§ **Dataset**:

────────

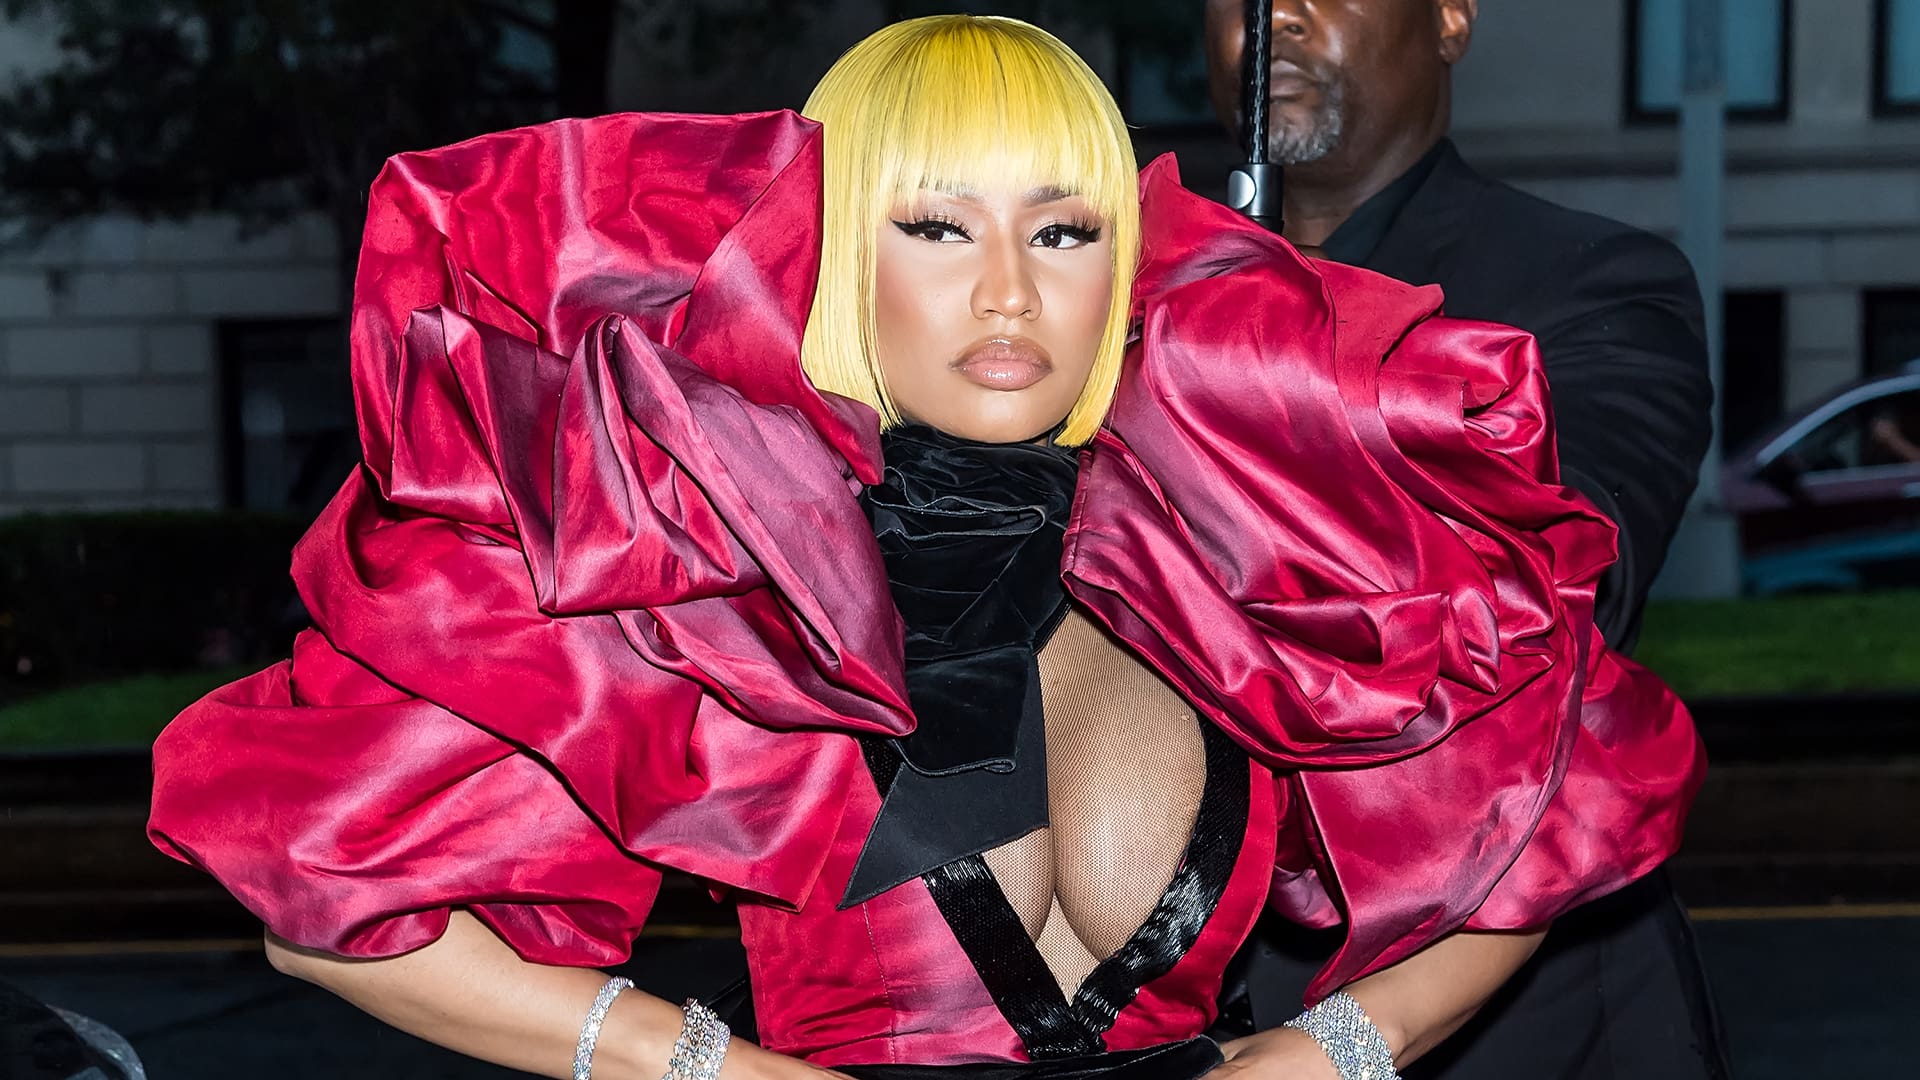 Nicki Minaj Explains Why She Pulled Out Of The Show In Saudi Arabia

────────

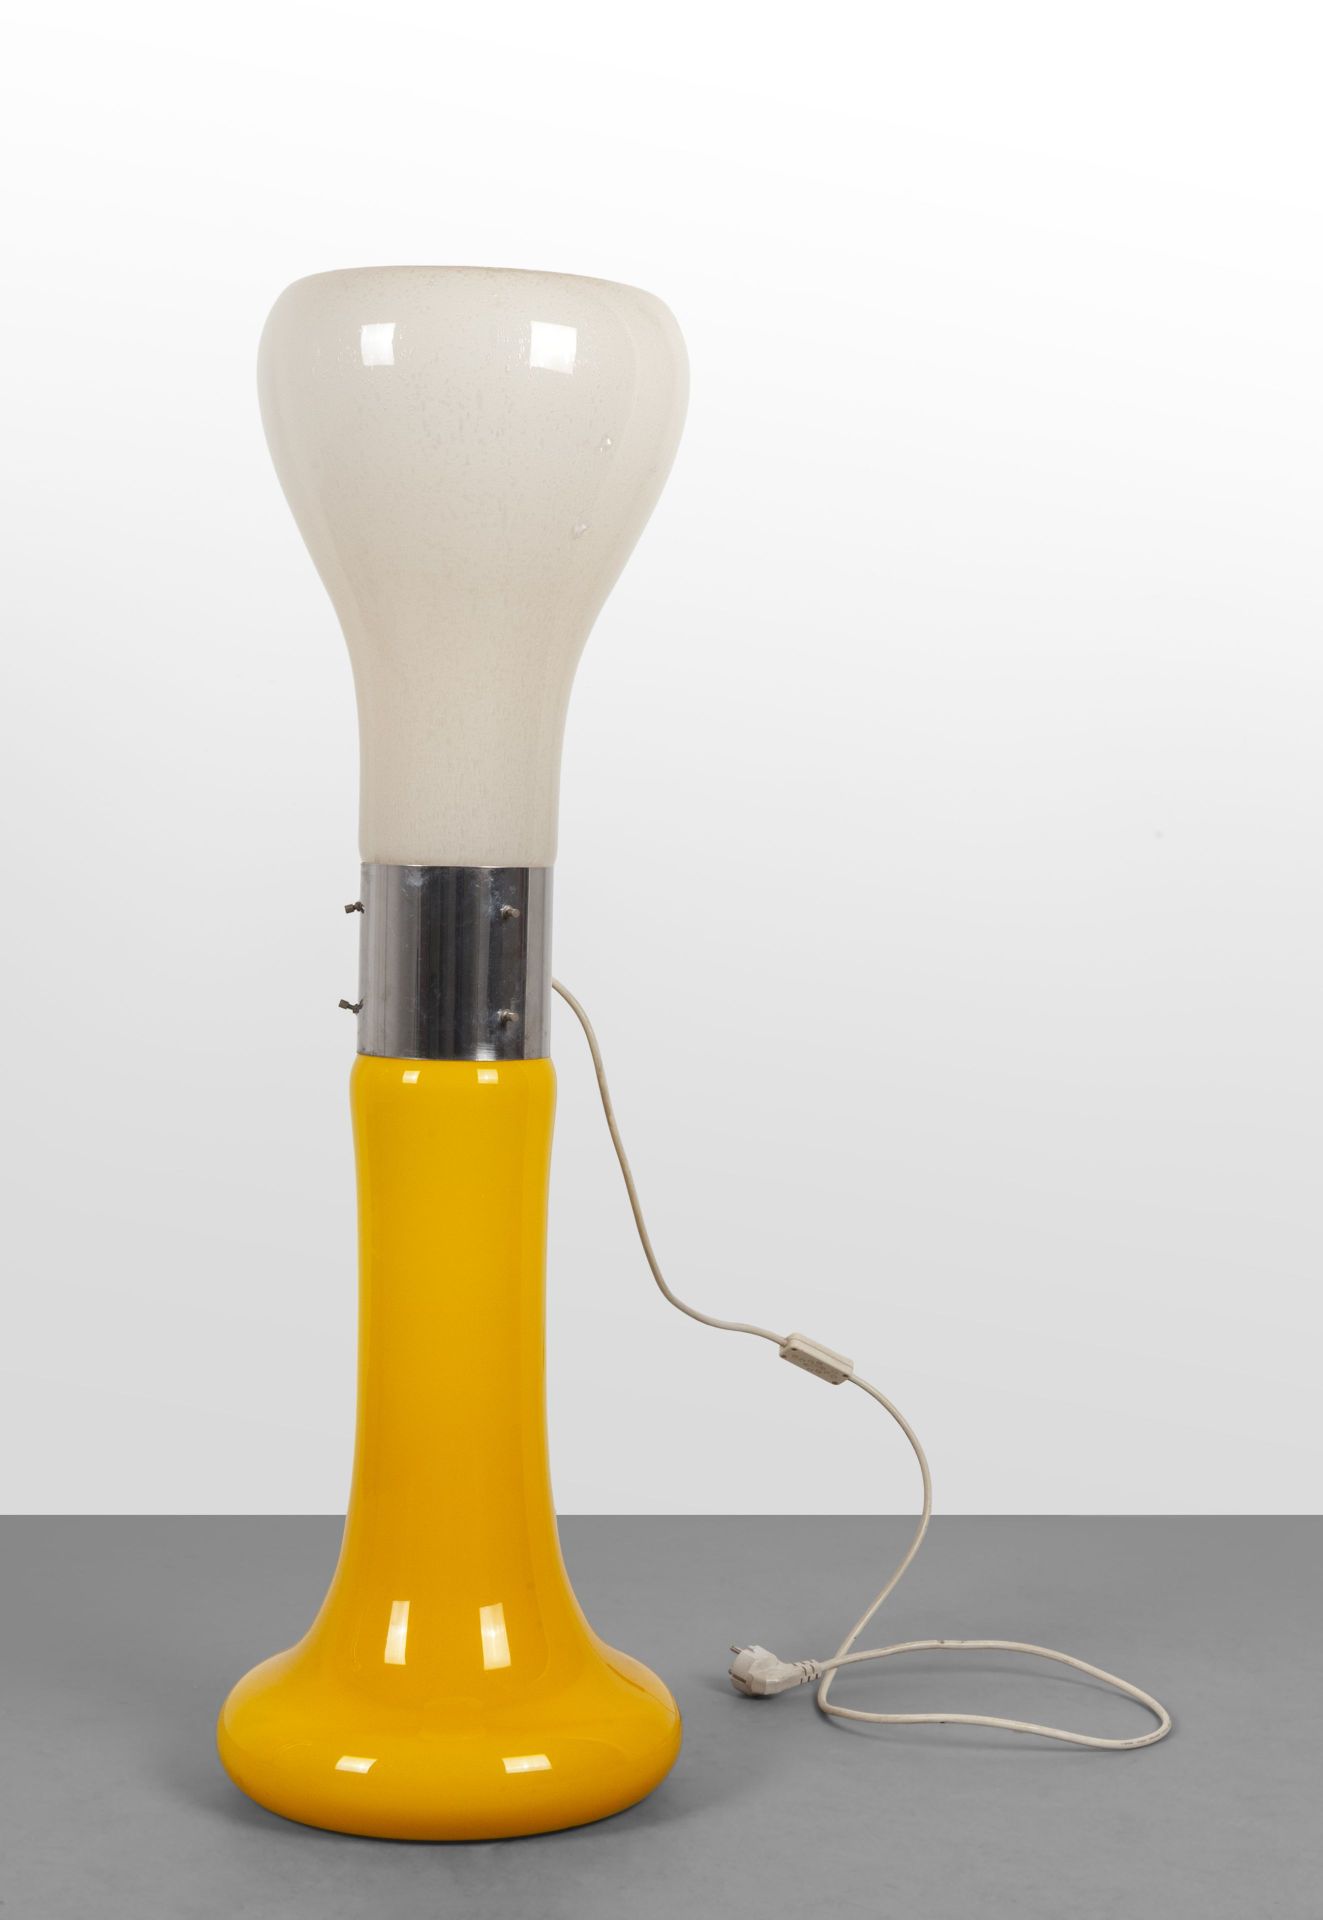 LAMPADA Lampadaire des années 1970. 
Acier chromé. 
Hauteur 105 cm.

────────

§ **Brief**:
Using the material above, transcribe exactly the lines from the one holding "LAMPADA Lampadaire des années 1970." to the one holding "Hauteur 105 cm.", both ends kept. Do not carry over any pictures.

§ **Your solution**:
 LAMPADA Lampadaire des années 1970. 
Acier chromé. 
Hauteur 105 cm.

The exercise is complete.